1. Evidence of the Complainant’s Reputation for Violence in the Community

In support of appellant’s claim of self-defense, counsel sought to introduce evidence showing that the appellant had knowledge of prior aggressive acts by the complainant and of the complainant’s reputation for violence in the community. The trial court admitted testimony from the appellant, as well as from three other defense witnesses, regarding at least ten specific prior acts, known to the appellant, in which the complainant had either assaulted the appellant or another person. 2 The trial court did not permit, however, evidence of the complainant’s reputation in the community for violence.

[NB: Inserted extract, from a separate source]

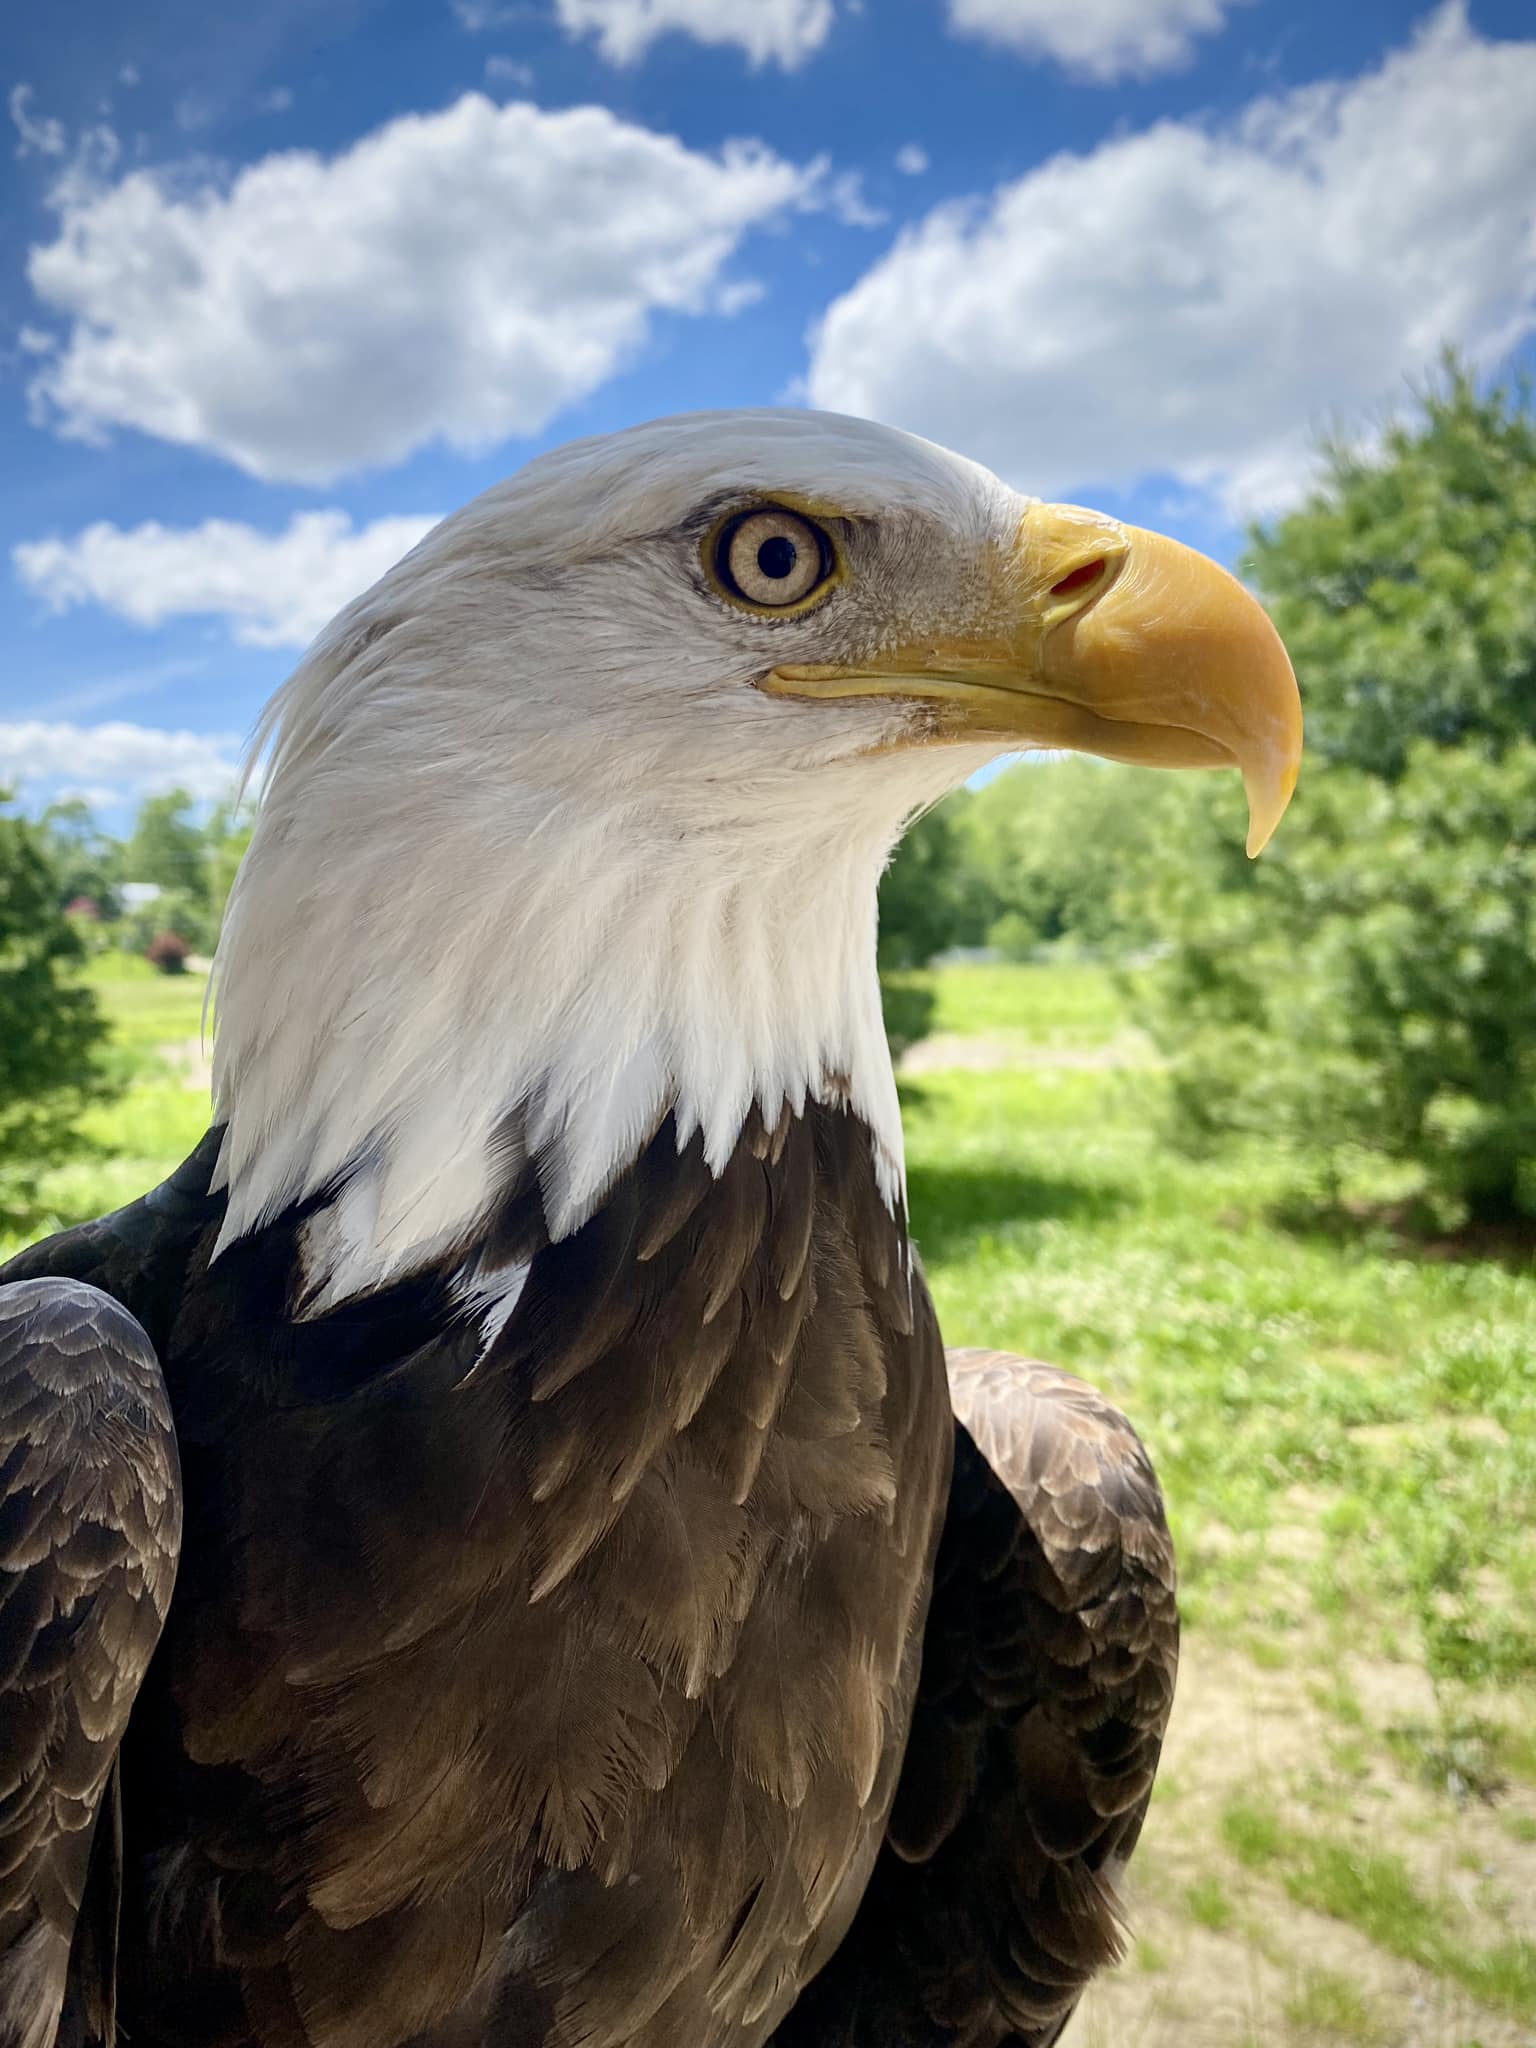 A bald eagle from Soarin Hawk

As the trial court correctly observed, “[t]here is no dispute that to support a self-defense claim, the accused may show prior acts of violence committed by the victim about which the accused knew,” because “[s]ueh evidence is relevant to the reasonableness of the accused’s fear of the victim.” Harris v. United States, 618 A.2d 140, 143 (D.C.1992) (citing Matter of M.W.G., 427 A.2d 440, 443 (D.C.1981); United States v. Akers, 374 A.2d 874, 877 (D.C.1977)). Evidence of the defendant’s knowledge of the victim’s reputation for violence is similarly admissible, because “it tends to support the contention that the accused acted from an honest and reasonable apprehension of imminent bodily harm because of the information imparted to him about the complainant.” King v. United States, 177 A.2d 912, 913 (D.C.1962); see also Cooper v. Untited States, 353 A.2d 696, 700 n. 8 (D.C.1975) (evidence of either victim’s reputation for violence or victim’s specific prior acts of violence, if known by the defendant at the time in question, may be admitted to show the reasonableness of defendant’s fear of the victim). Except in homicide cases (where the person alleged to have been the aggressor is unavailable for questioning), however, neither evidence of the victim’s prior violent acts nor evidence of reputation for violence can be admitted for the purpose of proving that the victim was the first aggressor. See King, 177 A.2d at 913. 3

Our review of the record suggests there was confusion about the application and interplay of the specific act/reputation rules and the state-of-mind/first-aggressor rules. This confusion is evident in the bench conference concerning defense counsel’s attempt to ask witness Larry Cato about the complainant’s reputation for violence. 4

*871 The trial court correctly ruled to exclude evidence of the victim’s reputation for violence to prove she was the first aggressor, since this was not a homicide case. That ruling extended to evidence of prior specific acts of violence. See Harris, 618 A.2d at 144. The court was also correct in admitting evidence of the complainant’s past acts of violence only to show the reasonableness of the appellant’s fear of the complainant, but erred in refusing to admit reputation evidence for that purpose. The error was harmless, however, given the abundance of specific acts of violence by the complainant introduced into evidence by several defense witnesses, including testimony by the appellant that the complainant had attacked her on previous occasions. 5 Thus, there was no abuse of discretion. See Mercer v.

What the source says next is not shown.